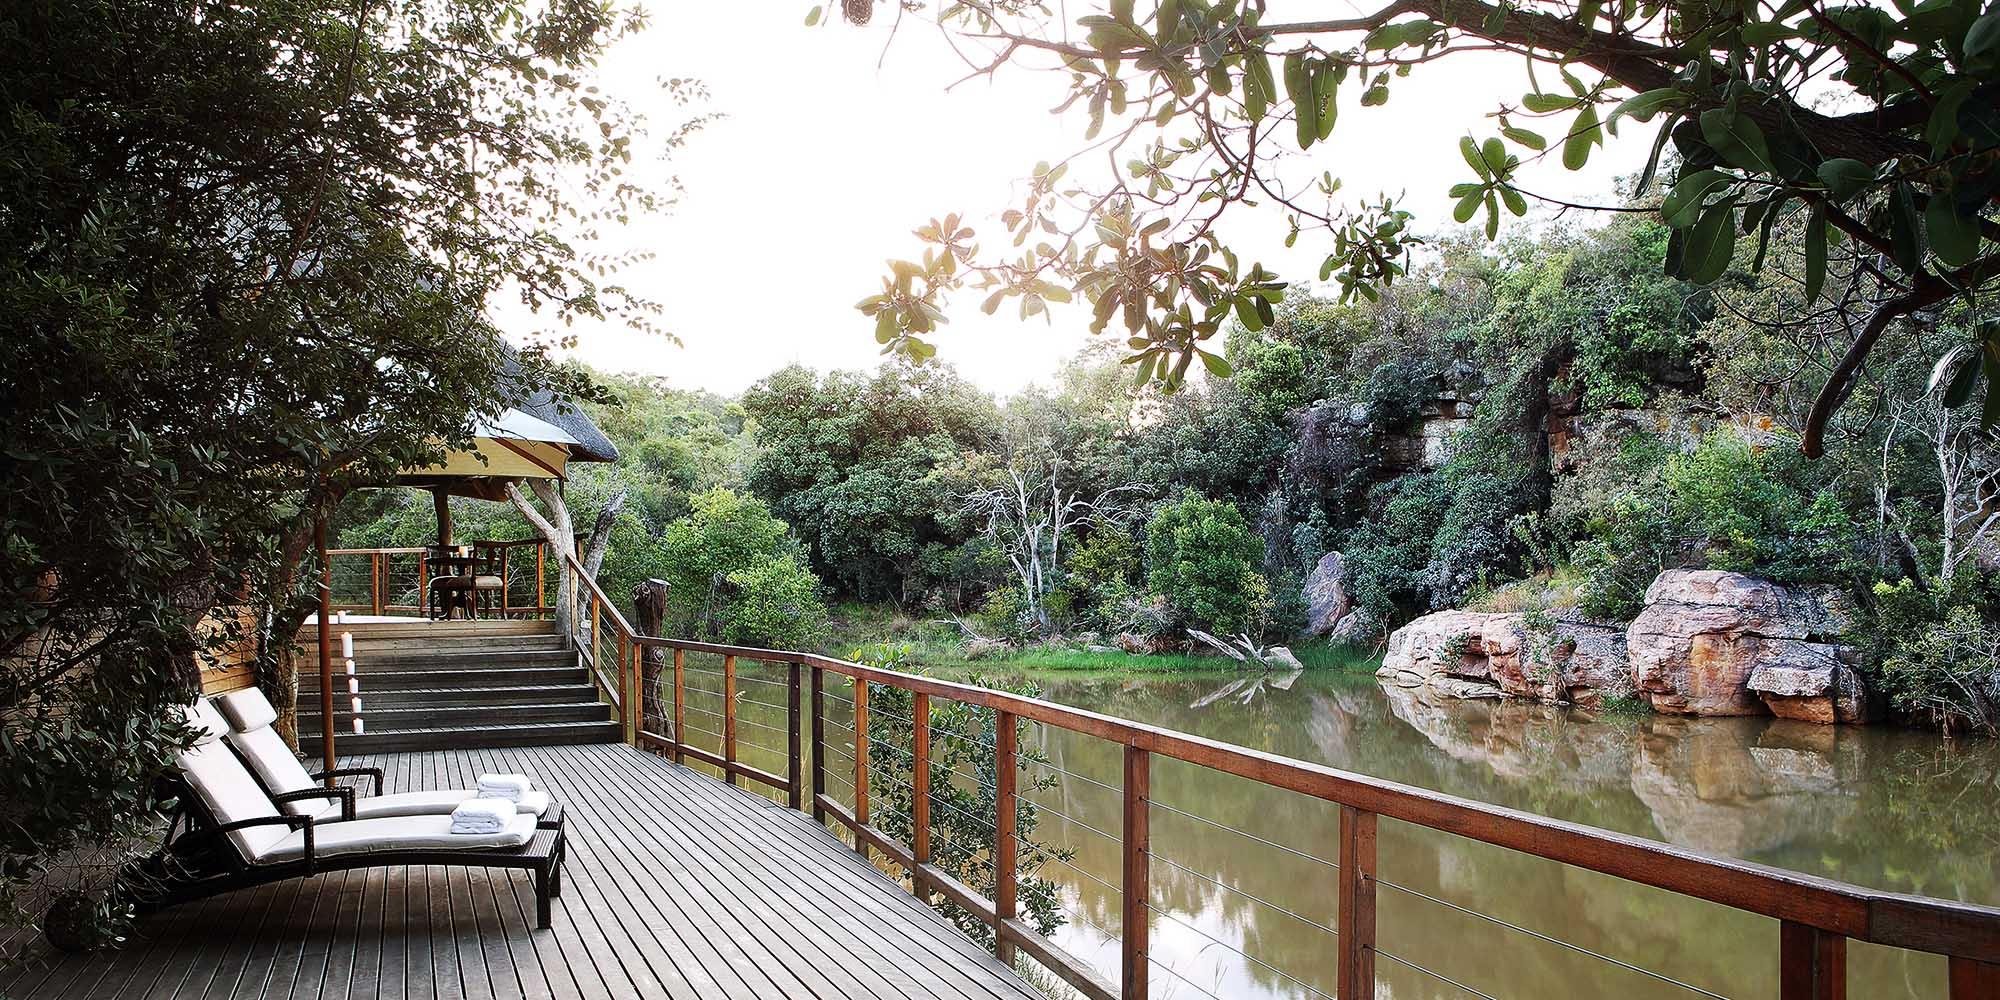 Zulu Camp-Luxury African Safari at Shambala Private Game Reserve
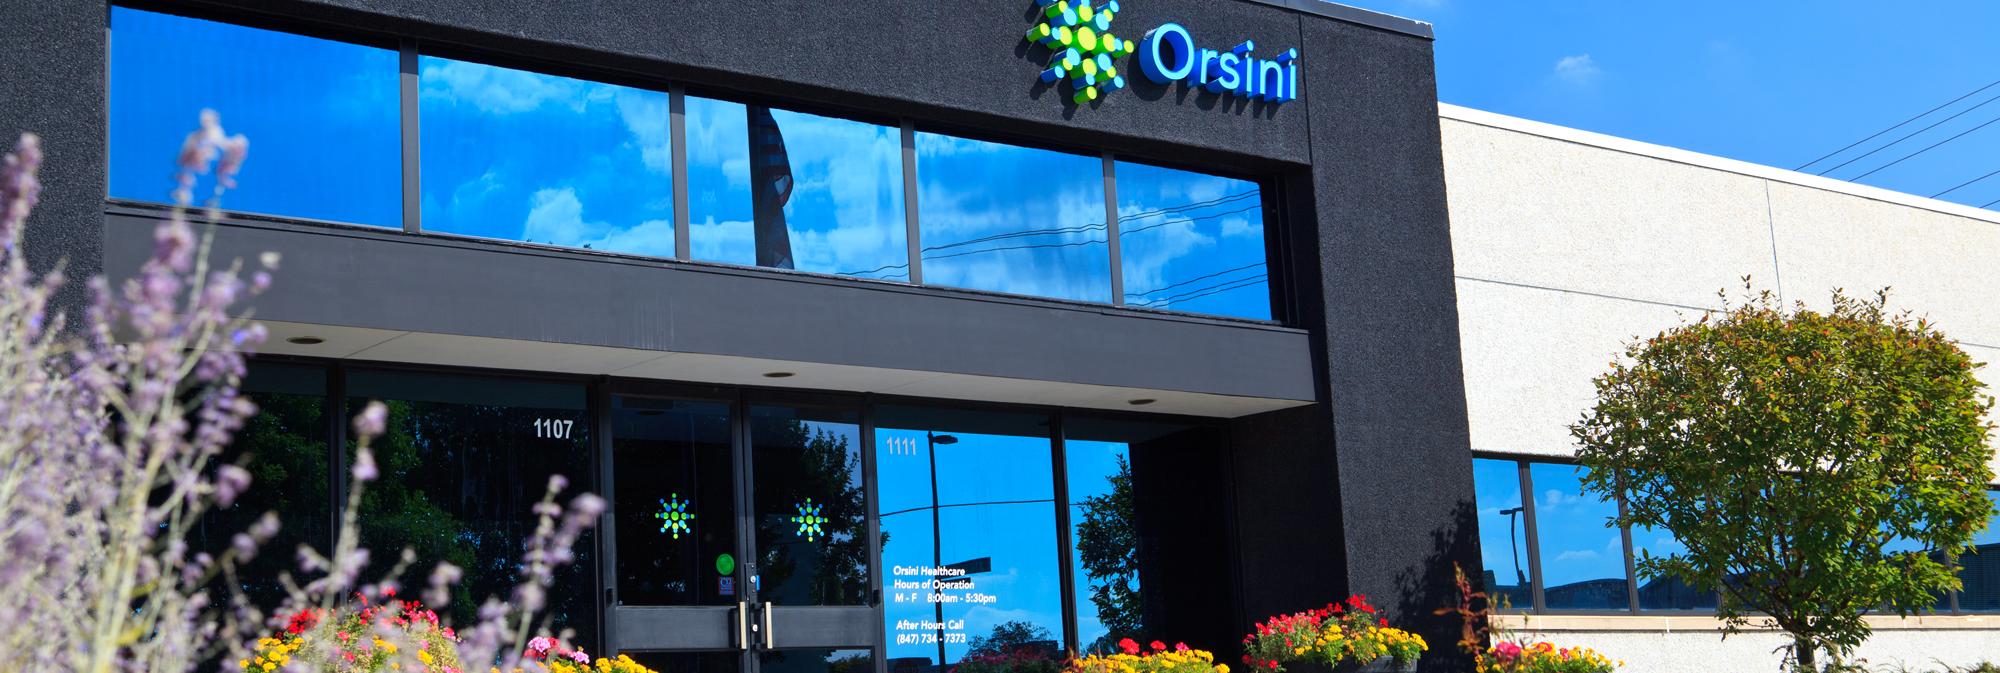 About Orsini
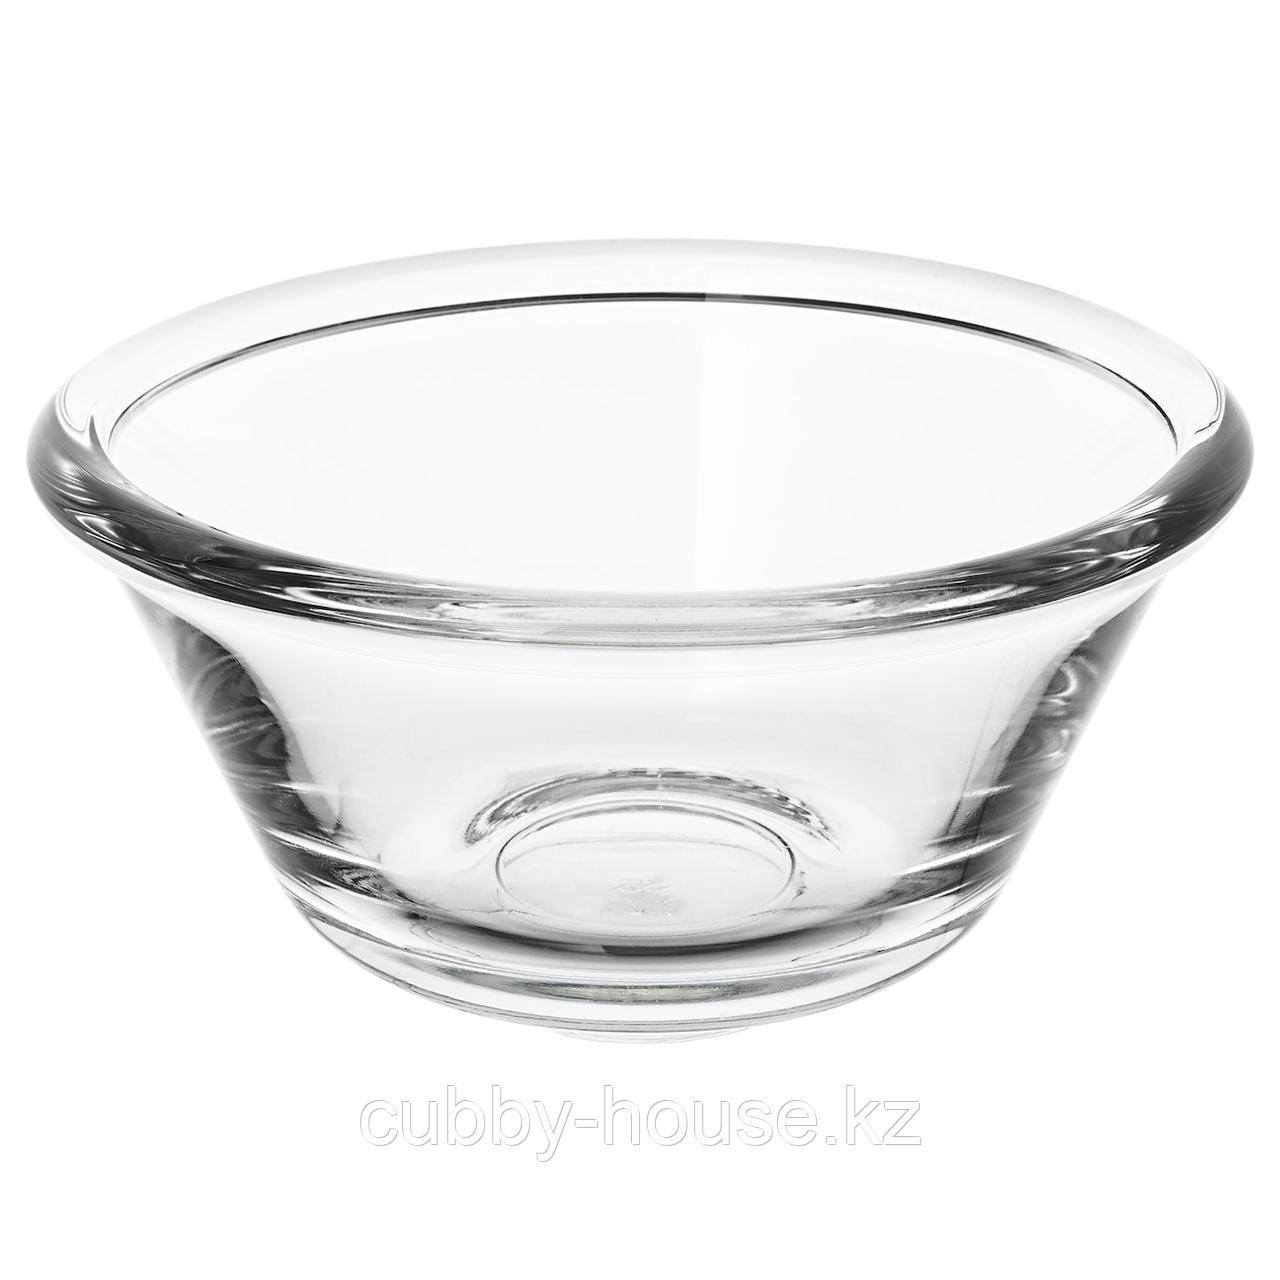 ВАРДАГЕН Миска, прозрачное стекло, 15 см

• **Problem requirements**
Only the lines from the one with "About Orsini" through the end of the data, both ends included, should be written out exactly, and no pictures should appear.

• **Exercise answer**
 About Orsini
 ВАРДАГЕН Миска, прозрачное стекло, 15 см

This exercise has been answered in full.